In a comparative study of adults aged 50 to 74 years, local injection site reactions were significantly more common among subjects who received revaccination of Pneumococcal Vaccine Polyvalent, Pnu-Imune 23 >/=5 years after their first vaccination than among those being vaccinated for the first time. Specifically, within the first two days following vaccination, arm soreness was reported among 74% of 513 revaccinated subjects as compared to 57% of 901 subjects vaccinated for the first time. Sizable local reactions are shown in Table 3 excerpted from JAMA 1999. 47

Table 3
Risk of a Sizable Local reaction (>/=10.2 cm [4 in] of Redness or Swelling), by Vaccination Status and Underlying Disease Classification
No. (%) of Subjects
First Vaccination Revaccination RR * (95% CI) P Value
All subjects
29/901 (3)     55/513 (11)     3.3 (2.1-5.1)     <.001    
3/85 (4)     3/50 (6)     1.7 (0.4-8.1)     .67     
26/816 (3)     52/463 (11)     3.5 (2.2-5.6)     <.001    
  Chronically ill
16/479 (3)     19/235 (8)     2.4 (1.3-4.6)     .009    
  Healthy §
10/337 (3)     33/228 (15)     4.9 (2.4-9.7)     <.001    
*RR indicates relative risk; CI, confidence interval
†Patients with asplenia, renal failure, lymphoma, myeloma, renal transplant, nephrotic syndrome, or taking immunosuppressive medications.
‡Patients with cardiovascular or pulmonary disease, diabetes mellitus, or cirrhosis.
§Patients who were not chronically ill or immunocompromised.

Preliminary data have suggested that the 23-valent pneumococcal polysaccharide vaccine may cause a transient increase in plasma HIV levels; however, the importance of this occurrence is not known (see INDICATIONS AND USAGE -- Immunocompromised Patients ). 3

Health care professionals should report suspected adverse events after administration of Pnu-Imune 23 to the Vaccine Adverse Event Reporting System (VAERS) by calling (800) 822-7967. 3



There have been reports of overdose with Pnu-Imune 23. Most cases have involved inadvertent reimmunization at varying intervals following initial immunization. Most individuals were asymptomatic. Events experienced primarily consisted of injection site reactions.

Dosage and Administration

The immunization schedule consists of a single 0.5 mL dose given intramuscularly or subcutaneously. Intradermal administration should be avoided. Do not inject into or near a blood vessel or nerve.

Parenteral drug products should be inspected visually for particulate matter and discoloration prior to administration (see DESCRIPTION ).

Before injection, the skin at the injection site should be cleansed with a suitable germicide. After insertion of the needle, aspirate and wait to see if any blood appears in the syringe, which will help avoid inadvertent injection into a blood vessel. If blood appears, withdraw the needle and prepare for a new injection at another site.
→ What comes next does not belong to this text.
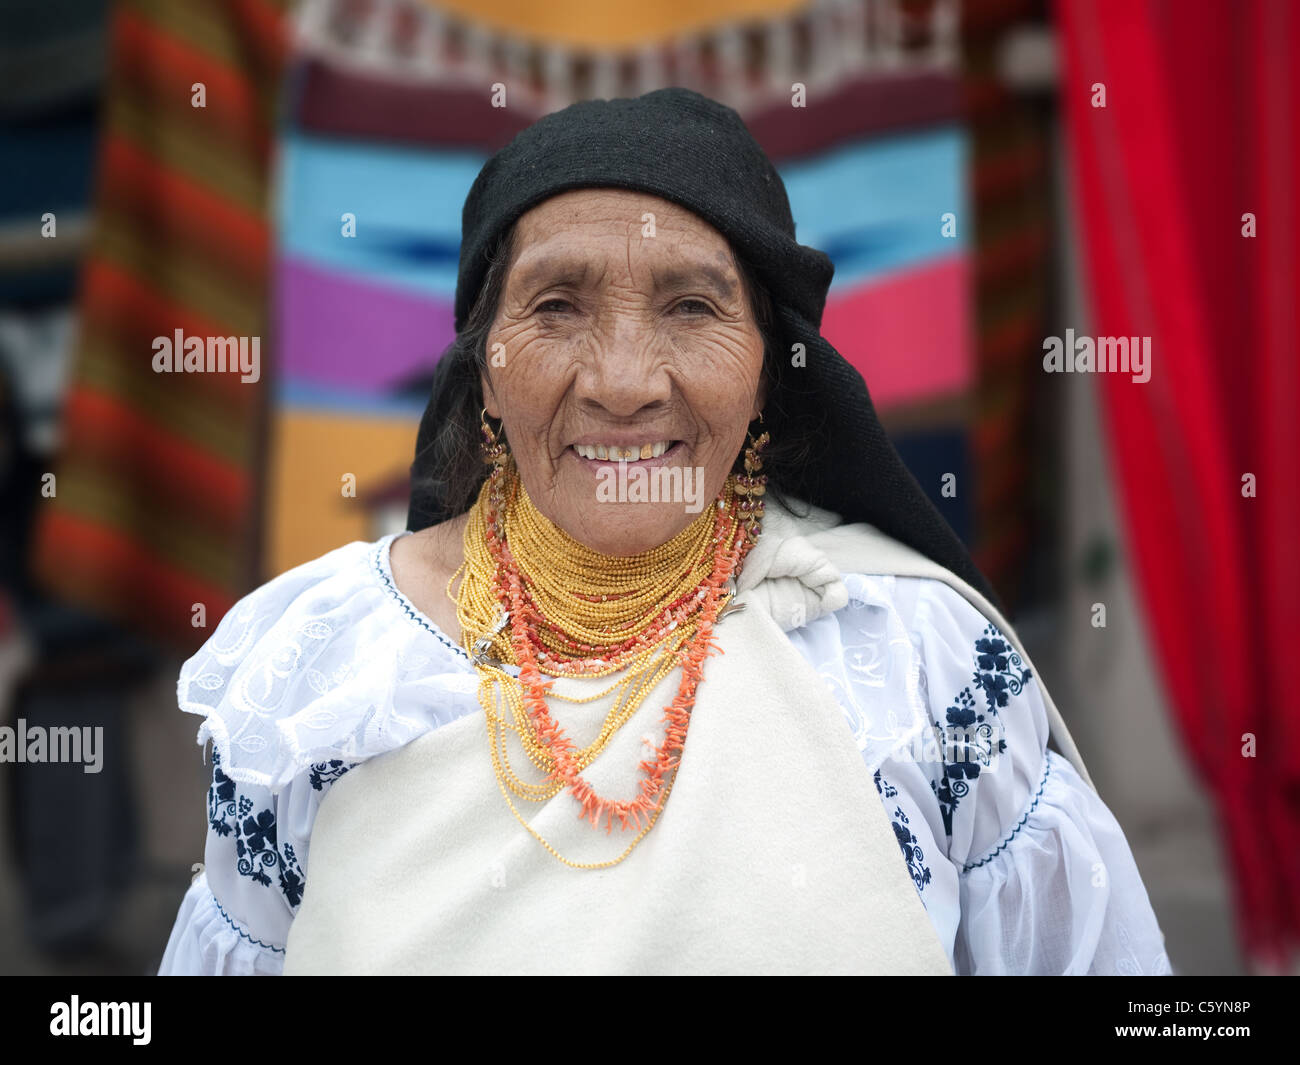 South American indigenous woman selling her hand-made crafts in the Otavalo Market in Ecuador. Stock Photo

Simultaneous Administration with Other Vaccines

A comparative study of simultaneous administration of influenza and pneumococcal vaccines versus sequential administration of influenza followed by pneumococcal vaccine a month later, in 152 adults with chronic respiratory disease, showed no difference in immunogenicity of either the pneumococcal (Pnu-Imune 23) or of the influenza vaccine. There was no increase in the incidence or severity of adverse effects when the vaccines were administered concomitantly. 52 In a cohort study conducted in a managed care organization among elderly individuals with chronic lung disease, receipt of both influenza and pneumococcal vaccines was associated with a 63% reduction (95% CI: 29% to 90%) in the risk of hospitalization for pneumonia and 81% reduction (95% CI: 68% to 88%) in the risk of death, when compared to no vaccination. There was no evidence of interaction of vaccines. 53

The ACIP advises that influenza vaccine may be given simultaneously with 23-valent pneumococcal polysaccharide vaccine at a different site (by separate injection in the other arm). 3 However, influenza vaccine is administered annually, while pneumococcal vaccine typically is administered only once for persons in most groups (see INDICATIONS AND USAGE -- Reimmunization ). The ACIP states that 23-valent pneumococcal polysaccharide vaccine also may be administered concurrently with other vaccines. 3 However, data are unavailable concerning the effects on safety and immune response of Pnu-Imune 23 when given concurrently with DT, DTP, DTaP, Td, or poliovirus vaccines.

How Supplied

Pnu-Imune 23 is supplied as follows:

NDC 0005-2309-31 2.5 mL Vial, for use with syringe only.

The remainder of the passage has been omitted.